# pc world insurance



## viztopia (29 Oct 2008)

My laptop was stolen from my car and luckily i have it covered with PC World insurance. Has anyone any experience of claiming of them? i know it is only a matter of calling them up but i would just like to get a heads up.


----------



## dtlyn (29 Oct 2008)

viztopia said:


> My laptop was stolen from my car and luckily i have it covered with PC World insurance. Has anyone any experience of claiming of them? i know it is only a matter of calling them up but i would just like to get a heads up.


 
Hi There, I used to work in PCWorld while I was in college, so maybe I can help. 

First, regardless of warranty, go to your local garda station and officially report your laptop stolen. This is also a requirement for to make your claim.

Secondly, be aware that PCWorld extend guarantees only cover theft for the first 12 months of the policy, so check your purchase date before you approach them. 

Thirdly, go to your local PCWorld with a copy of your garda report and submit your claim. Expect a few working weeks for the claim to be processed. Note that you will be expected to take a model that matches the configuration of your model, should the model you have covered discontinued. You are not necessarily entitled to a replacement to the value of what you originally paid for the product.   

Lastly, PCWorld and other commercial extended guarantees are almost always appalling value for money. If and when you get your new laptop, consider, if at all possible, contacting your house insurer with regard to insuring your laptop. I availed of this under my parents house insurance. To cover a €2000 laptop for theft ( including when lugging it back and forward to college), I paid a €30 yearly premium. At the time, PCWorld cover on my laptop was €600.

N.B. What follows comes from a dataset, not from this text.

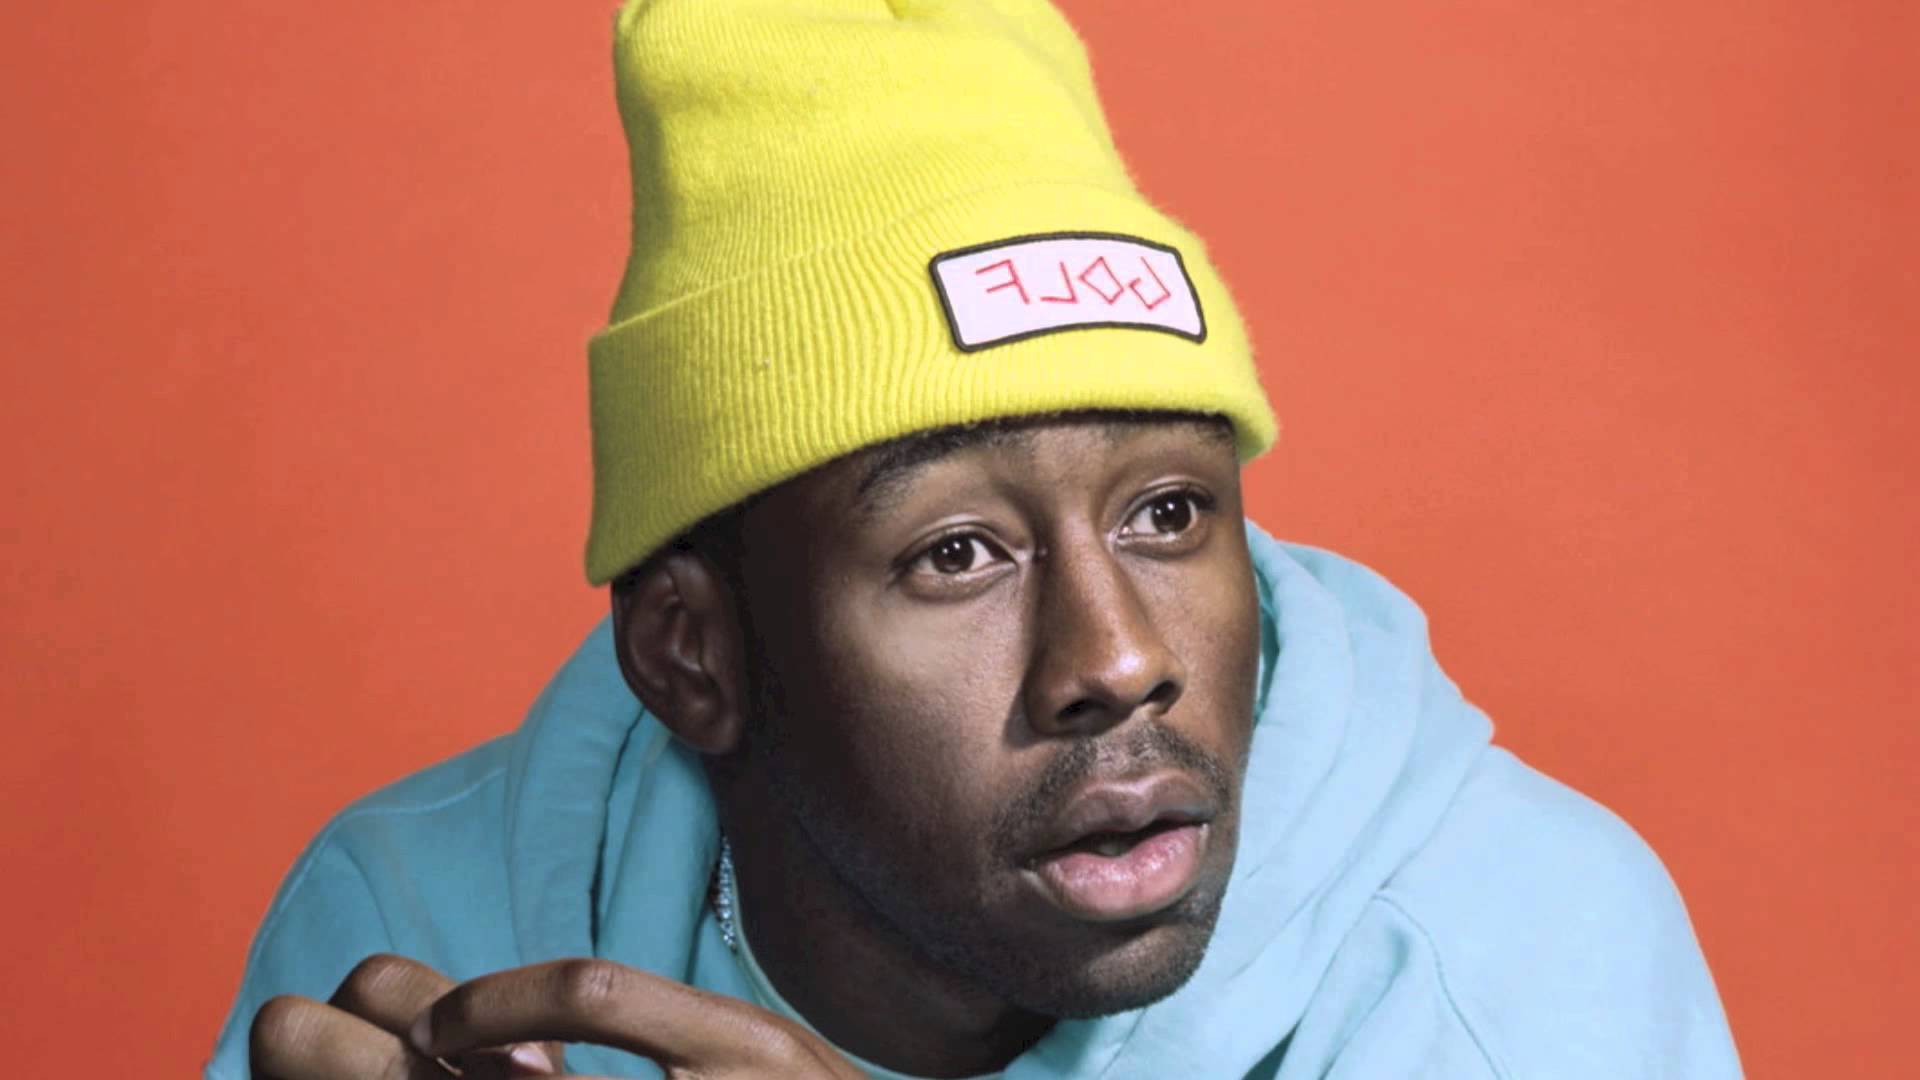 Nova música do Rapper Tyler, The Creator sugere sexualidade

Other benifts were as follows.

-> 12 Months Theft Cover

Expensive theft insurance for one year, see above.

-> 3/5 Years cover including accidental damage

Manufacturers warranty can be 1 year or 3 years depending on the manufacturer, while
accidental damage is an added benefit, you may have some fun trying to 
absolve yourself recklessness ( which I believe is a company manager favourite ) in a case where accidental damage has occured. 

-> Premium helpline

Still charged at a premium ( euros per minute ) rate and more often than not do not part with any premium information. 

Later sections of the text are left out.